Troubleshooting Rover Deployment

Build Failures

cross not found:

# Install cross
cargo install cross --git https://github.com/cross-rs/cross

Docker not running:

# Start Docker
# macOS: Start Docker Desktop
# Linux: sudo systemctl start docker

Compilation errors:

# Clean build
cargo clean
cross build --release --target aarch64-unknown-linux-gnu

# Check Rust version
rustup show

# Update Rust
rustup update

Deployment Failures

SSH connection failed:

# Test SSH
ssh frog-0

# Check Tailscale
tailscale status

# Check SSH keys
ssh-add -l

Permission denied on rover:

# User needs sudo without password for:
# - systemctl
# - mv to /usr/local/bin/, /etc/bvr/, /etc/systemd/system/

# Add to sudoers
ssh frog-0 "echo '$USER ALL=(ALL) NOPASSWD: /bin/systemctl, /bin/mv' | sudo tee /etc/sudoers.d/$USER"

Service won’t start:

# Check service status
ssh frog-0 "sudo systemctl status bvrd"

# View logs
ssh frog-0 "sudo journalctl -u bvrd -n 100"

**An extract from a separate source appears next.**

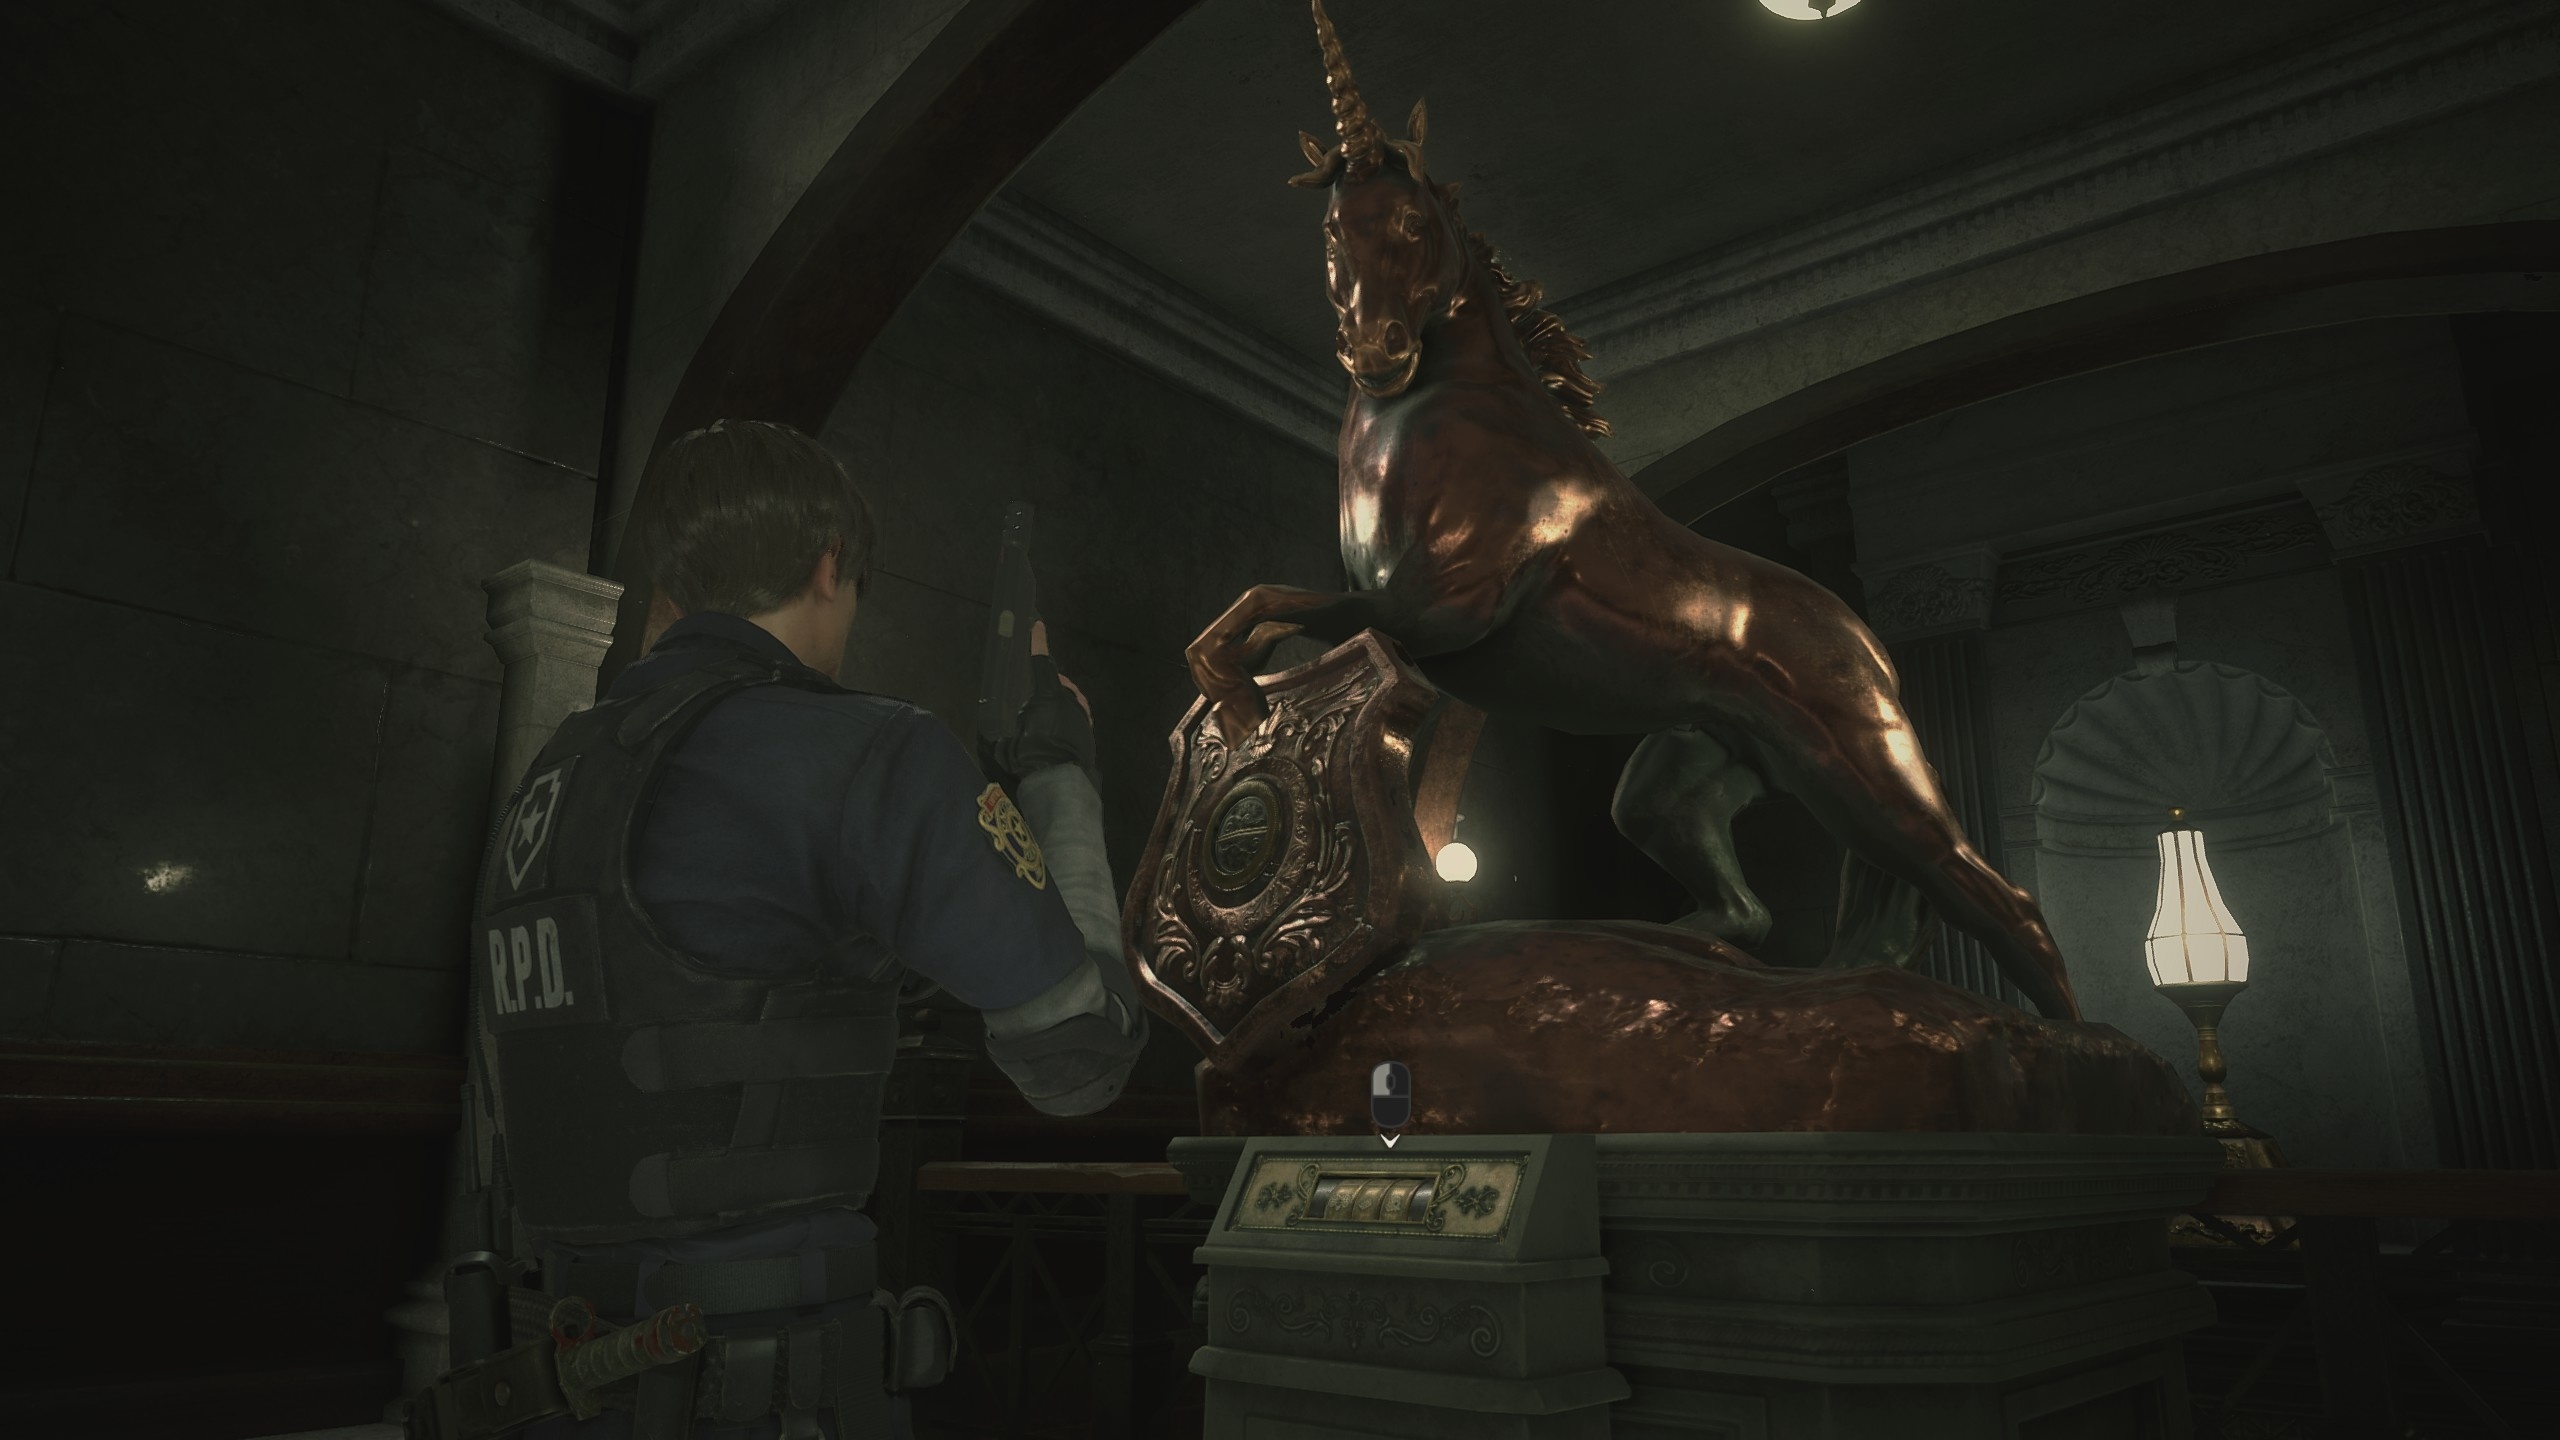 Resident evil 2 единорог. Статуя единорога в Resident Evil 2. Резидент ивел 2 Клэр статуя единорога. Статуя единорога в Resident Evil 2 Remake.

# Check binary permissions
ssh frog-0 "ls -l /usr/local/bin/bvrd"

# Check config file
ssh frog-0 "cat /etc/bvr/bvr.toml"

# Test binary manually
ssh frog-0 "/usr/local/bin/bvrd"

Rollback Procedure

# Keep previous binary
ssh frog-0 "sudo cp /usr/local/bin/bvrd /usr/local/bin/bvrd.backup"

# Deploy new version
./deploy.sh frog-0

# If new version fails, rollback:
ssh frog-0 "sudo systemctl stop bvrd"
ssh frog-0 "sudo mv /usr/local/bin/bvrd.backup /usr/local/bin/bvrd"
ssh frog-0 "sudo systemctl start bvrd"

Depot Deployment

Docker Compose Deployment

Initial Setup

cd depot

# Create .env file from example
cp .env.example .env

# Edit environment variables
vim .env

.env file:

# Authentication
CONSOLE_PASSWORD=your_secure_password
GRAFANA_ADMIN_PASSWORD=your_grafana_password

# InfluxDB
INFLUXDB_ADMIN_TOKEN=your_influxdb_token
INFLUXDB_ORG=muni
INFLUXDB_BUCKET=muni

# Storage
SESSIONS_PATH=/data/sessions
MAPS_PATH=/data/maps

# Retention
RETENTION_DAYS=30

Build and Start

# Build all services
docker compose build

# Start all services
docker compose up -d

# View logs
docker compose logs -f

# Check status
docker compose ps

Service Profiles

Base services (always run):

console (web UI)
discovery (rover tracking)
dispatch (mission planning)
map-api (map serving)
influxdb (metrics)
grafana (dashboards)
postgres (dispatch database)
sftp (session sync)

GPU profile (optional):

# Start with GPU support for 3D reconstruction
docker compose --profile gpu up -d

# Enables:
# - splat-worker (Gaussian splatting)
# - mapper (map processing)

RTK profile (optional):

# Start with RTK base station support
docker compose --profile rtk up -d

# Enables:
# - rtk-base (GNSS base station)
# - gps-status (RTK monitoring)

Multiple profiles:

# Run everything
docker compose --profile gpu --profile rtk up -d

Service Updates

Update Single Service

# Pull latest code
git pull

# Rebuild service
docker compose build discovery

# Restart service
docker compose up -d discovery

# View logs
docker compose logs -f discovery

Update All Services

# Pull latest code
git pull

# Rebuild all
docker compose build

# Restart all
docker compose up -d

# Check for issues
docker compose ps
docker compose logs -f

Rolling Updates

# Update services one at a time
for service in discovery dispatch map-api gps-status; do
    echo "Updating $service..."
    docker compose build $service
    docker compose up -d $service
    sleep 5
    docker compose ps $service
done

Database Migrations

Dispatch service (PostgreSQL):

Migrations run automatically on service startup (see depot/dispatch/src/main.rs).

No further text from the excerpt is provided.